Extended Data Fig. 7 Vortioxetine induces a robust calcium response and alters the electrophysiological properties of glioblastoma cells.
a, ER calcium store release measured by FLIPR assays in LN-229 cells (n = 4 assay plates; n = 18 conditions; n = 12 wells/drug; DMSO and Thapsigargin (TG) positive control, n = 24 wells each). b, Extracellular calcium influx measured by FLIPR assays in F050.C (n = 17 conditions as in Fig. 5f). (*) denote conditions where the median [Ca2+ fold change] < 0. Black line: median value. a, b, Fold change relative to DMSO after drug treatment. Two-tailed t-test against DMSO. P-values adjusted for multiple comparisons by Holm correction. Black line: median value. c, Single-cell-resolved calcium response (ΔF/F0) measured by ratiometric Fura-2 imaging across 6 cell lines (x-axis; n = 3,561 cells total). Mean change in calcium signal immediately after Vortioxtine treatment compared to baseline, each averaged across a 120 s time window. Paired (baseline vs drug treatment) two-tailed Wilcoxon test. d, Calcium response type stratified by the presence (Ψ) or absence (Ø) of oscillatory calcium signaling at baseline (BASE) and Vortioxetine (VORT; 20) treatment. ‘VORT 1-2 Peaks’: non-oscillatory calcium response with 1-2 peaks after VORT treatment. e, Heatmap of single-cell-resolved (rows) calcium response (ΔF/F0) for response type ‘VORT 1-2 Peaks’ across time (x-axis). NR: no response. f, Max (top) and mean (bottom) peak amplitude of ΔF/F0 for type ‘BASE Ψ, VORT Ψ’ (n = 501 cells) displaying oscillatory calcium signaling during both time spans across the 6 cell lines in d. Paired two-tailed t-test. g, Resting membrane potential (Vm) of LN-229 (n = 13) and LN-308 cells (n = 10) measured by whole-cell patch-clamp before (CTRL) and after VORT treatment (10 µM) in matched single-cells (connected by grey lines). Paired two-tailed t-test. h, Representative single-cell current traces for each cell line (LN-229, LN-308) and condition (CTRL, VORT) corresponding to the voltage-clamp protocol (legend). i, Current-voltage characteristics (I-V curves) of LN-229 (n = 13) and LN-308 cells (n = 10) in g, before (CTRL) and after VORT treatment (10 µM) in matched single-cells. Standard error of the mean (SEM) shown as error bars. See Methods for description of summary statistics. j, Relative gene (panels) expression upon siRNA knockdown (columns) normalized to the FLUC negative control siRNA (n = 3 biological replicates; dots). Two-tailed t-test with adjusted P-values after Holm correction.
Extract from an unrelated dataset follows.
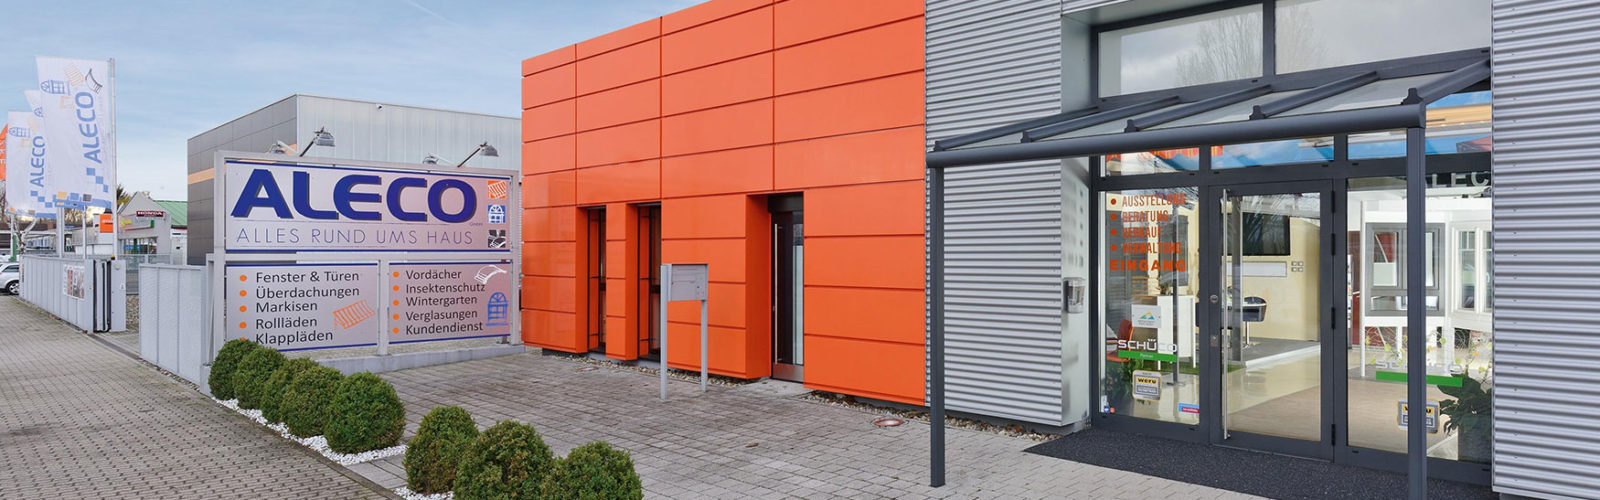 Firmengebäude Aleco

Boxplots as in Fig. 1b.
Extended Data Fig. 8 Vortioxetine induces an immediate and potent AP-1 response as measured by time-resolved transcriptomics, proteomics, and phosphoproteomics.
a, Time-course visualization of AP-1 (PID) and MAPK (KEGG) pathway induction following Vortioxetine treatment (20 µM) in LN-229 cells measured by RNA-Seq (n = 6 time-points) and by proteomics (n = 3 time-points). n = 3 replicates/time-point. Genes selected for visualization are significantly differentially expressed by RNA-Seq at all time-points compared to the first time-point (0 h). Heatmap color scale represents log2(fold change) compared to the 0 h time-point. b, Principal component analysis (PCA) of replicate-averaged RNA-Seq counts following Vortioxetine treatment (20 µM) in LN-229 cells (n = 3 replicates/time-point) colored by time-point. c, Time-point comparisons (left, 3 h vs 0 h; right, 9 h vs 0 h) of proteomics measurements following Vortioxetine treatment (Vort, 20 µM; n = 3 replicates/condition) in LN-229 cells shown as volcano plots of log2(fold change) versus –log10(P-value). Proteins above a –log10(0.05 P-value) threshold are colored in purple. Two-tailed t-test. d, Gene Ontology (GO) gene set enrichment analysis of signed –log10(P-value) of comparisons inc. Bars represent the normalized enrichment score (NES) and colors indicate –log10(false discovery rate). e, Log2(fold change) in protein expression per time-point (rows; relative to 0 h) for the proteins (columns) contributing to enriched GO term “GO:0001216 DNA-binding transcription activator activity” in Extended Data Fig. 8d. AP-1 transcription factors are labeled in red. f, Connected protein-protein interaction network of differentially abundant phosphoproteins upon Vortioxetine treatment (20 µM; n = 3 replicates/condition) in LN-229 cells at any time-point. 22 out of 67 connected and significantly enriched phosphoproteins are shown (asterisks; black labels) with high confidence STRING protein interactions (grey labels). Cluster IDs (node colors) are based on the MCL algorithm with annotated biological pathways. Heatmap depicts protein abundance-normalized phosphopeptide (rows) intensities of JUN and HSPB1 across time-points (columns). Both genes are also significantly upregulated at the transcript level across all time-points.
Extended Data Fig. 9 Single-cell RNA-Seq and immunofluorescence of Vortioxetine-treated glioblastoma patient cells.
a, UMAP projection of 1736 single cells from patient sample P024 upon 3 h of treatment with Vortioxetine (VORT; n = 577 cells; purple; 20 µM) or DMSO vehicle control DMSO; n = 1159 cells; grey). b, Expression levels of the top five marker genes expressed in more than 10% of cells per scRNA-Seq cluster (columns) in Extended Data Fig. 9a. Circle sizes scale with the percent of cells within each cluster expressing each gene. Color scale represents log10(mean+0.1) expression. c, Cell cycle inference for each cluster in Extended Data Fig. 9b using Seurat version 4.3.080. d, Percent of CD45+ immune or NES+ glioblastoma cells expressing AP-1 factors measured by immunofluorescence in glioblastoma patient samples (n = 11 patients) 24 h after DMSO control or Vortioxetine-treatment ex vivo (10 and 20 µM). Patient-matched paired two-tailed t-test (compared to DMSO control) with FDR-adjusted P-values. Boxplots show 25th–75th percentiles with a line at the median; whiskers extend to 1.5 times the interquartile range.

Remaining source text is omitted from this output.